Art in the Garden

An article in The New York Times (October 5, 2015) by Alva Noë about the place of art in people’s lives made me pause.

An article in The New York Times (October 5, 2015) by Alva Noë about the place of art in people’s lives made me pause. She makes the case that art begins where design stops.  This is particularly true when the design is optimal, because then it is transparent. Noë suggests the well-designed object, be it picture, performance, or garden  ‘disappears from view.’ That is the moment when the art is truly experienced.

This idea intrigued me.  As the director of the Dunn I spend a lot of time in the Gardens and, except when hurried, something always stops me on my wandering. It could be a tree in bloom, a vignette of pots and flowers, a suddenly unique view, filtered light through branches, or leaf colors that make me take a breath. Is this not art? I wonder.  

But Noë’s claim gains further credibility on reflection. As is true of all works in the Olmsted tradition, the design of the Dunn Gardens is transparent and thus does not intrude upon our experience of the landscape. The small visual moments, and the grand vistas created by the careful plans, simultaneously comfort us with their beauty and challenge our ideas. We enjoy having our habitual way of looking confronted, the commonplace made special, as we mesh our experience in the Garden with our larger understandings of such creations.

Of course, a garden has added advantages to confer over other forms of art. If the recent rash of articles is any guide, being among trees and plants is extraordinarily beneficial. So, in a well-designed garden, the visitor experiences art that helps her become mentally and physically refreshed. When visiting the Dunn, we’d like to posit, you get the two benefits at once.

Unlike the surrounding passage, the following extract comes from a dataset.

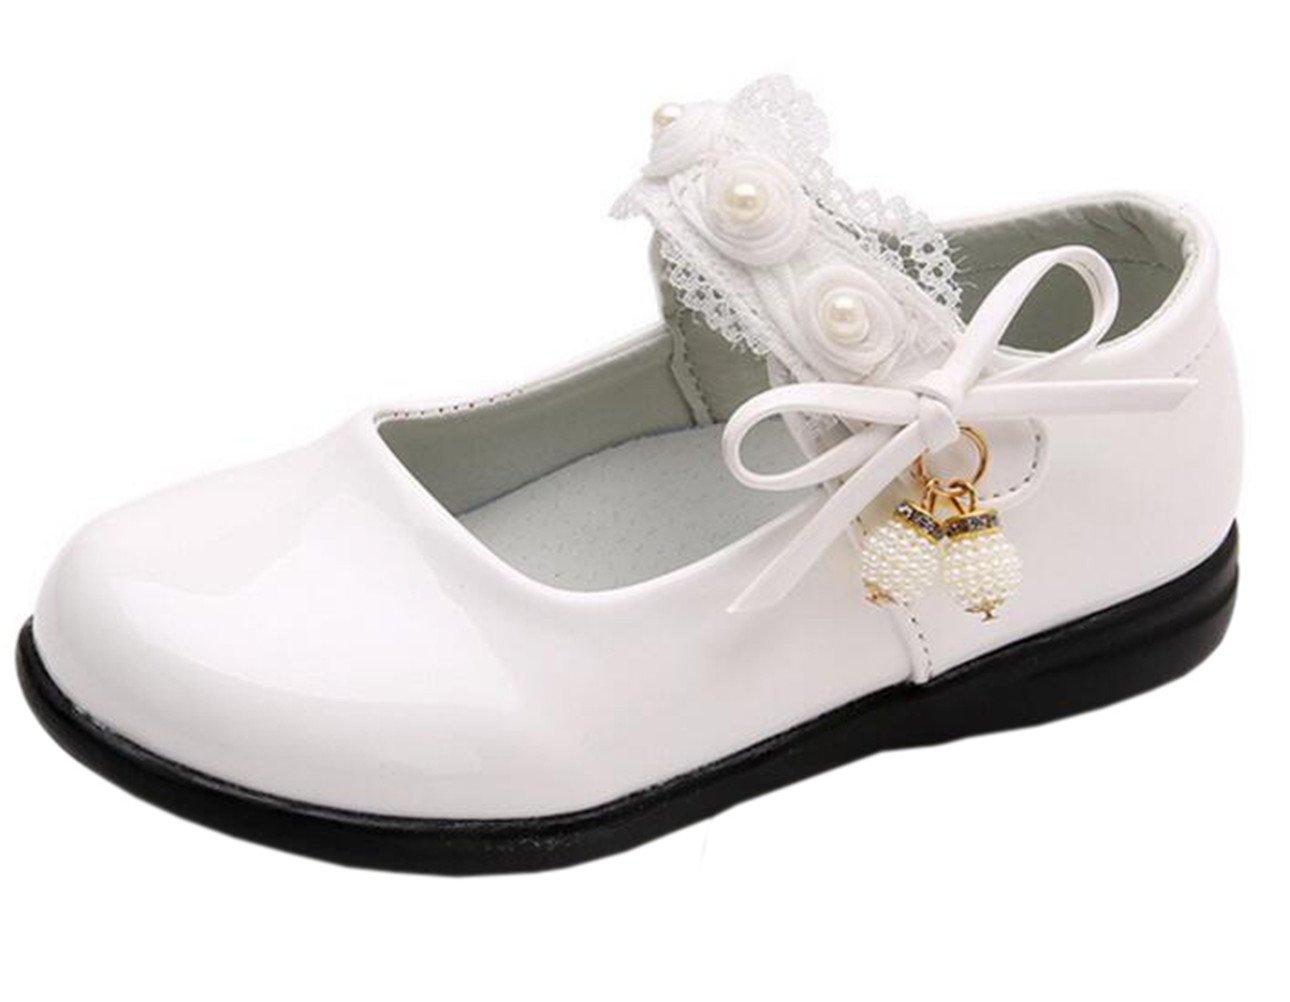 DADAWEN Girl's Strap School Uniform Dress Shoe Mary Jane Flat (Toddler/Little Kid) White US Size 13 M Little Kid

Individually this is satisfying, but there is something beyond even this. Over the course of this centennial year, the Dunn Gardens has welcomed many visitors. Perhaps it is the awareness of a significant milestone, the particular cherishing of history and preservation, but there has been more of the usual well-being and joyfulness evident. It has created a sense of community among visitors that those of us who work on behalf of the Dunn Gardens are pleased to witness. We can thank the Olmsted design and the art it allows. But, we also can thank the visitors who have enhanced the Gardens with their pleasure and their donations that help sustain it. We all are singularly lucky beneficiaries.